[Problem description]:
From the line containing "American Themed Cupcakes" to the final line of the material below, return every line exactly. Do not include pictures.

[Information supplied]:
******************************

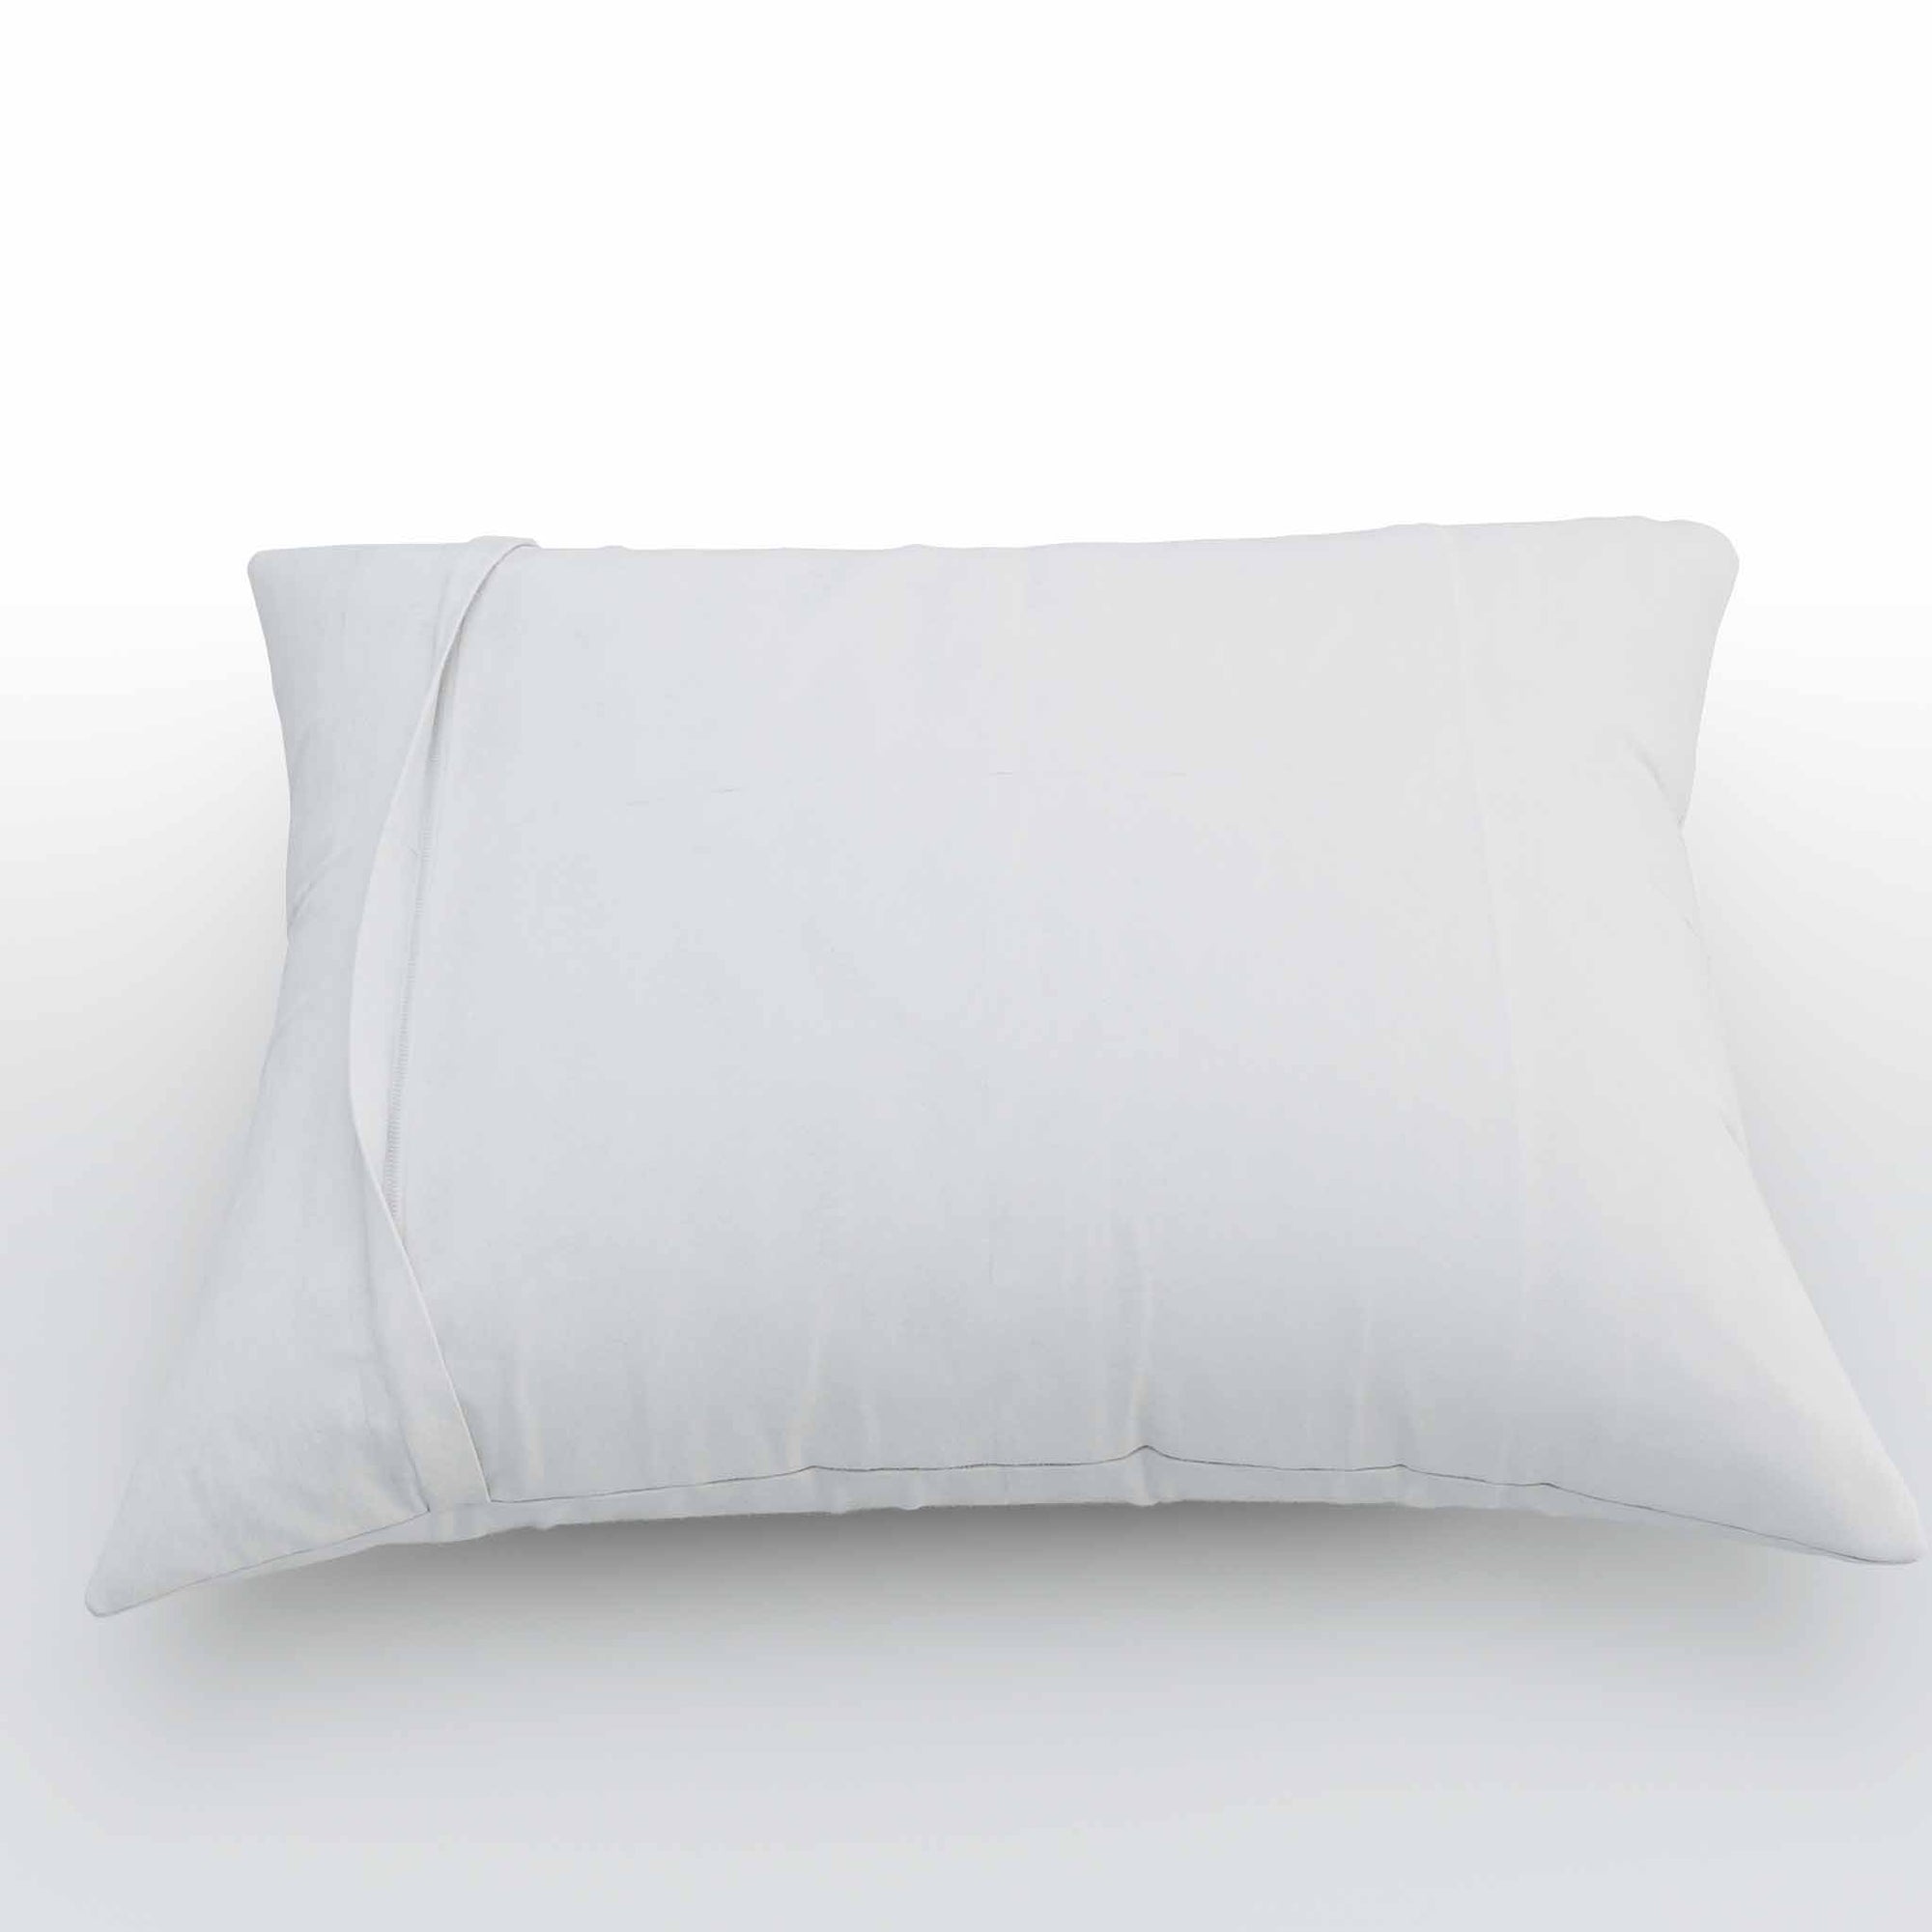 2 Pack) Anti-Dust Mite and Allergen Proof Pillowcases
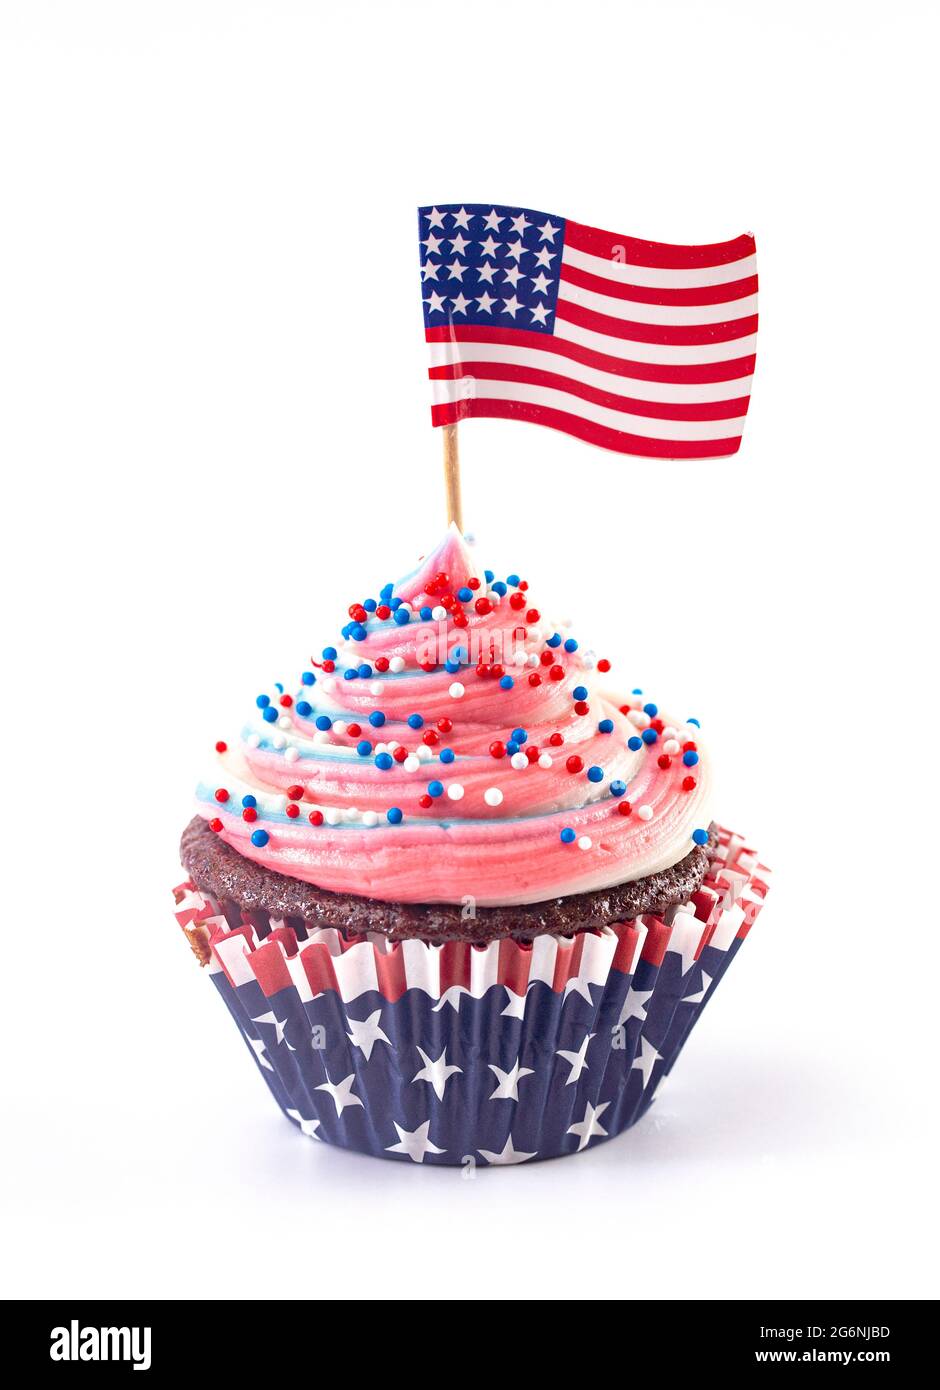 American Themed Cupcakes with Sprinkles and Decorations Isolated on a White Background Stock Photo
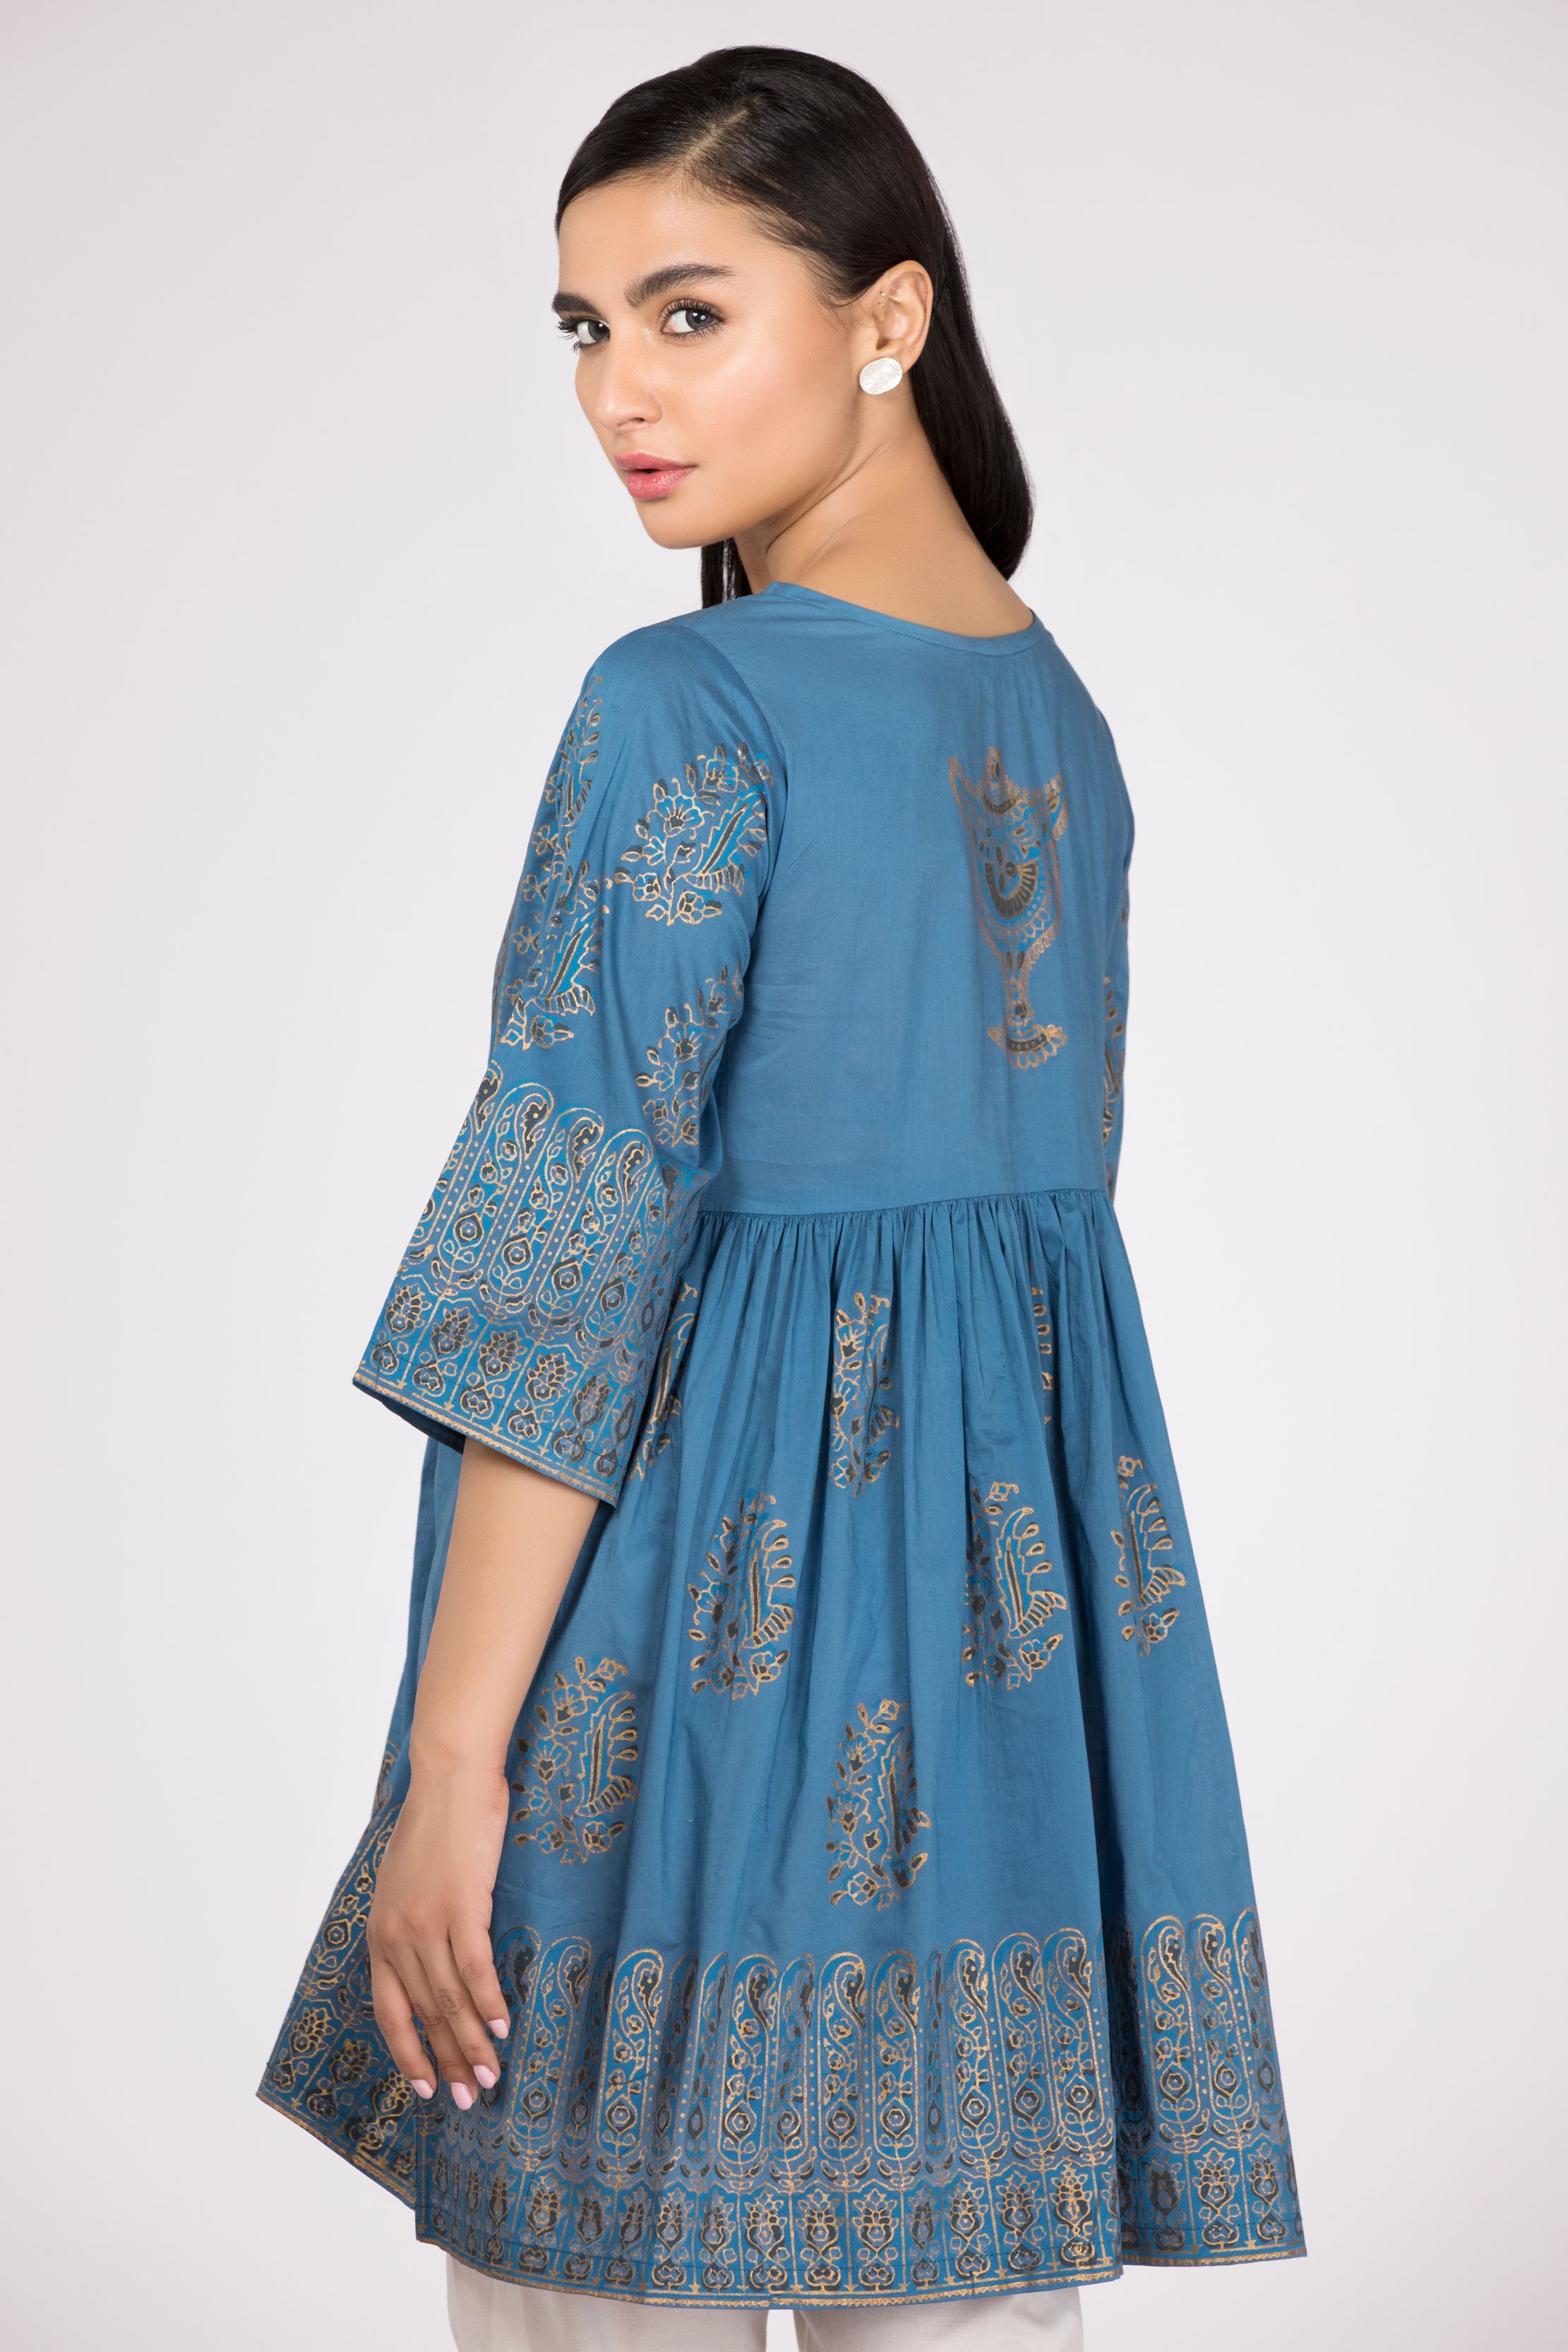 This pretty Pakistani dress in Dubai by Sapphire has a short frock

******************************

[Result of the task]:
 American Themed Cupcakes with Sprinkles and Decorations Isolated on a White Background Stock Photo
 This pretty Pakistani dress in Dubai by Sapphire has a short frock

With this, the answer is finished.